Of Australian milk production in 2017, 37% was exported. So any domestic price-maintenance regime must be mindful of World Trade Organisation trade rules. Because so much of the product goes to export, there cannot be a farmgate subsidy or else the industry will find itself in WTO amber box territory. World trade is rife with reciprocal and parallel trade practice.

Is protecting the Queensland dairy industry really worth losing other sectoral trade over?

Australian agricultural products are often promoted to be the next export sector to ramp up as iron ore and coal markets start to backslide on falling Chinese demand for steel. While New Zealand is gearing up for a China-led demand boom, China can buy subsidy-free New Zealand milk, and could tell Australia that it is in violation of international trade rules. And how will Australian dairy ever be able compete with New Zealand’s clean, subsidy-free produce in Asian consumer markets if production is still dependent on government handouts?
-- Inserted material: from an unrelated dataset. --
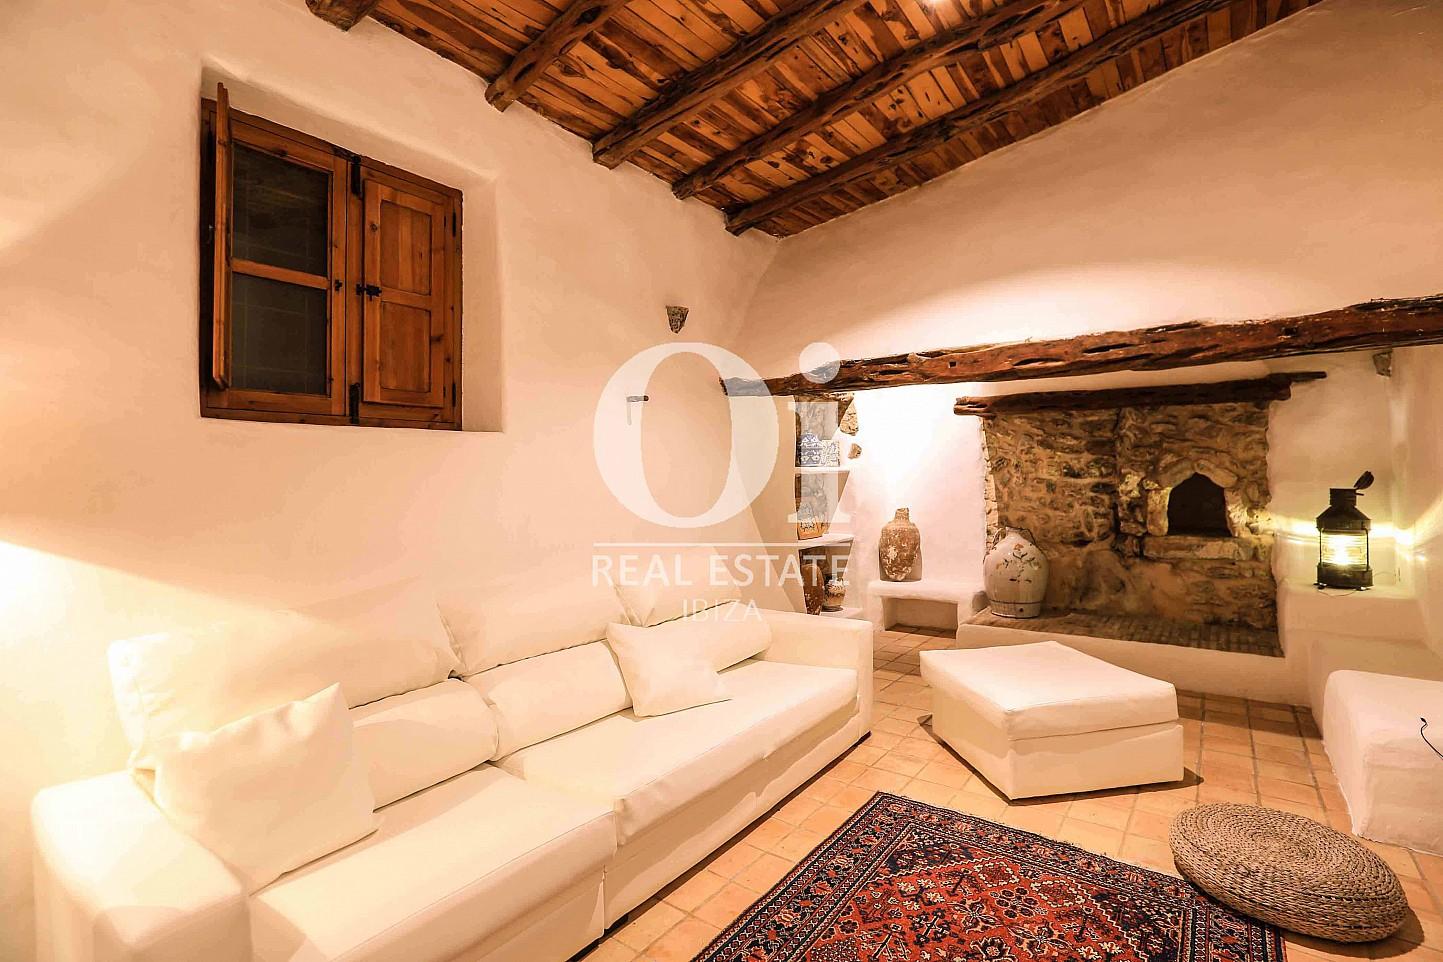 Salón de casa en alquiler vacacional en zona Puig d'en Valls, Ibiza

The Australian dairy industry does have a problem with retail prices. But much of the current woes with retail prices is due to institutional problems at the processor level. An April 2018 report from the Australian Competition and Consumer Commission into the dairy industry found no correlation between retail prices and prices paid to farmers: processors’ contracts for milk supply would still deliver the same prices to farmers if retail prices were raised. 

China is currently reforming its agriculture sector to bring greater market forces to price-setting, capital allocation, production, and risk. If China can introduce market reforms to its agriculture sector, then it would seem counter-productive for a trading economy such as Australia to orchestrate what would amount to price-fixing. 
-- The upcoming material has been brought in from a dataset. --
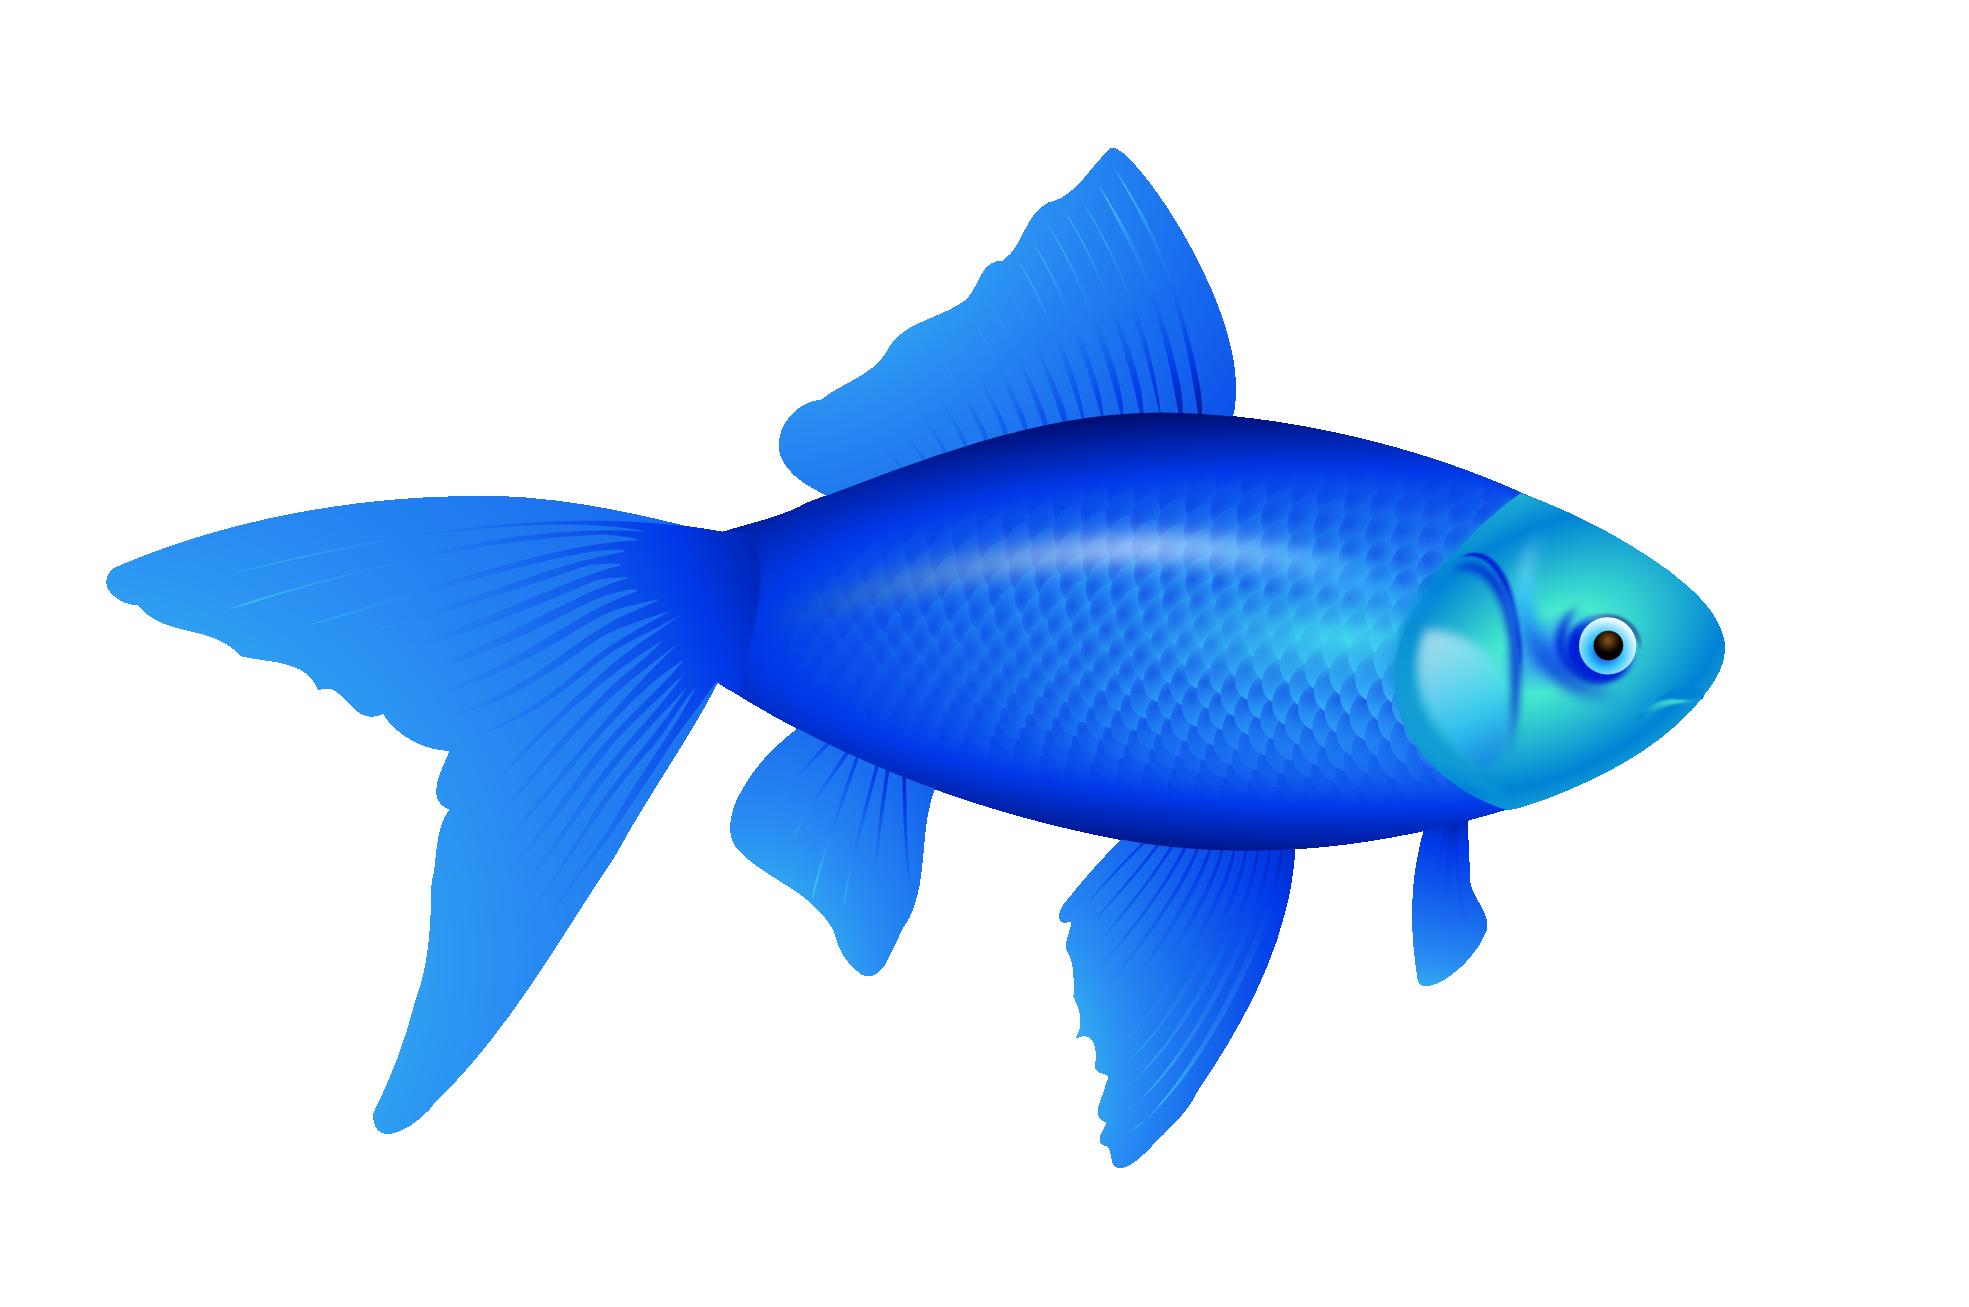 blue-fish-png-image-18

Ultimately the Australian dairy industry is struggling through a structural problem that the rest of the developed world has already solved. Weather-based agricultural insurance is the answer to dairy farming in drought-prone geographies. And a competitive dairy industry, free of government trade distortion, is necessary if Australian agriculture is to continue to pursue Asian consumer markets. 
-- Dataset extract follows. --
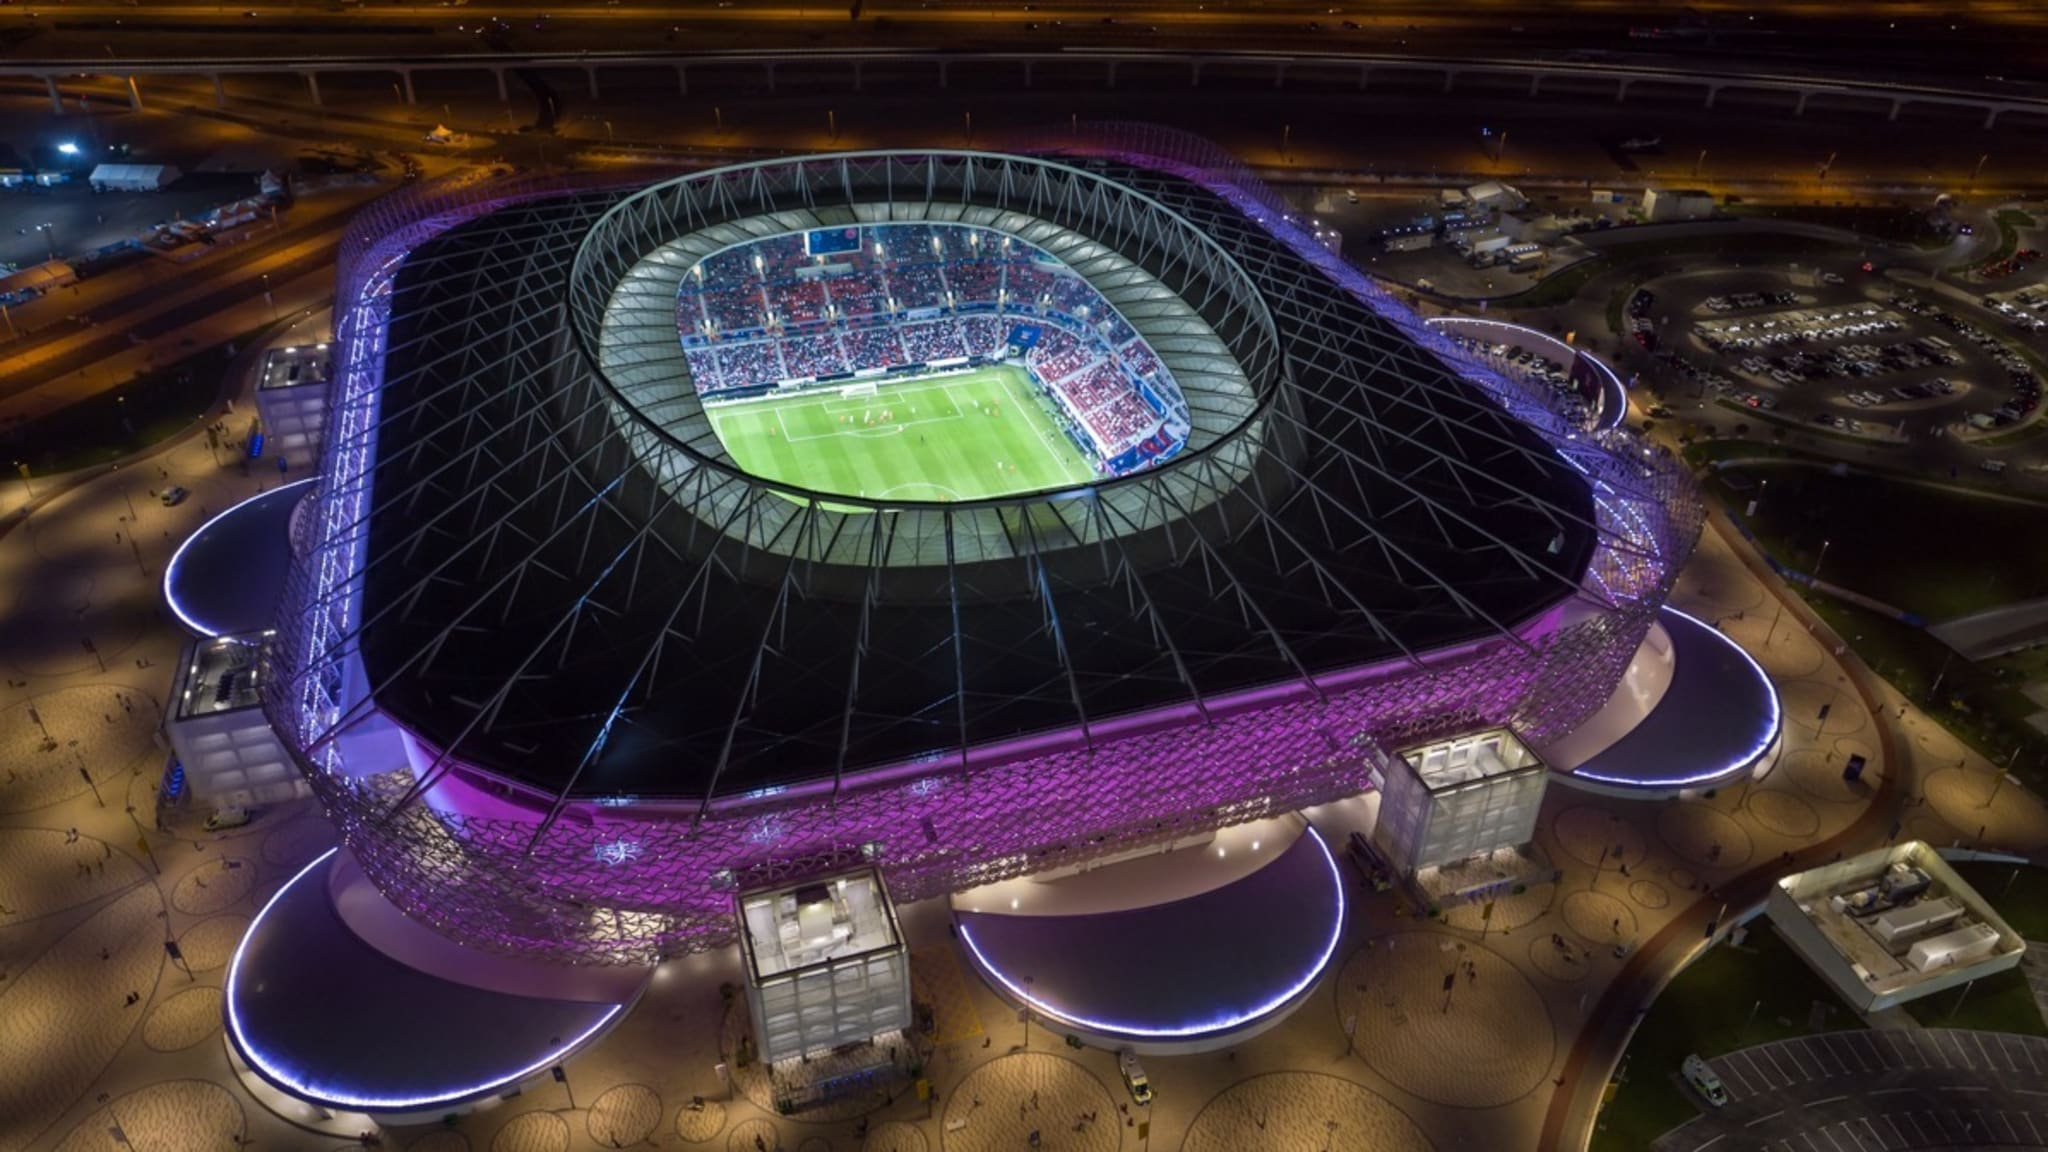 stadion Ahmad Bin Ali

Drought insurance has been the subject of domestic Australian policy debate in recent years. But New South Wales rejected the proposal to introduce what is known as multi-peril crop insurance into Australia. It is not fair to expect taxpayers to carry the risk while industry avoids the transition to multi-peril, weather-based or indexed crop or livestock insurance. 

Drought insurance would be a more effective policy measure to protect dairy farmers than either direct household assistance or price-maintenance. The United States and Europe have long since integrated this market mechanism into their agricultural production systems, benefiting domestic production, export product, consumers and farmers – all without having to resort to trade-distorting direct subsidies. 

Drought insurance is a market mechanism, so it takes the burden off the taxpayer to bail out unproductive agribusiness and it protects the farm from short-term weather risks causing massive long-term structural disruptions. Higher premiums would apply to less productive farms that choose to farm in areas with less water resources.

It should not be difficult for the global insurance industry to design a product to mitigate the weather risks of Australian dairy production. Yet lobby-groups in the Australian agricultural sector have persistently clung to government handouts. 

If Australia is to have a viable international dairy industry, and if these persistent weather risks are indeed foreseeable, then Australia needs to leave the subsidies behind and face the market. Drought insurance is the logical long-term solution as Australian dairy farmers increasingly forge new paths into Asian markets.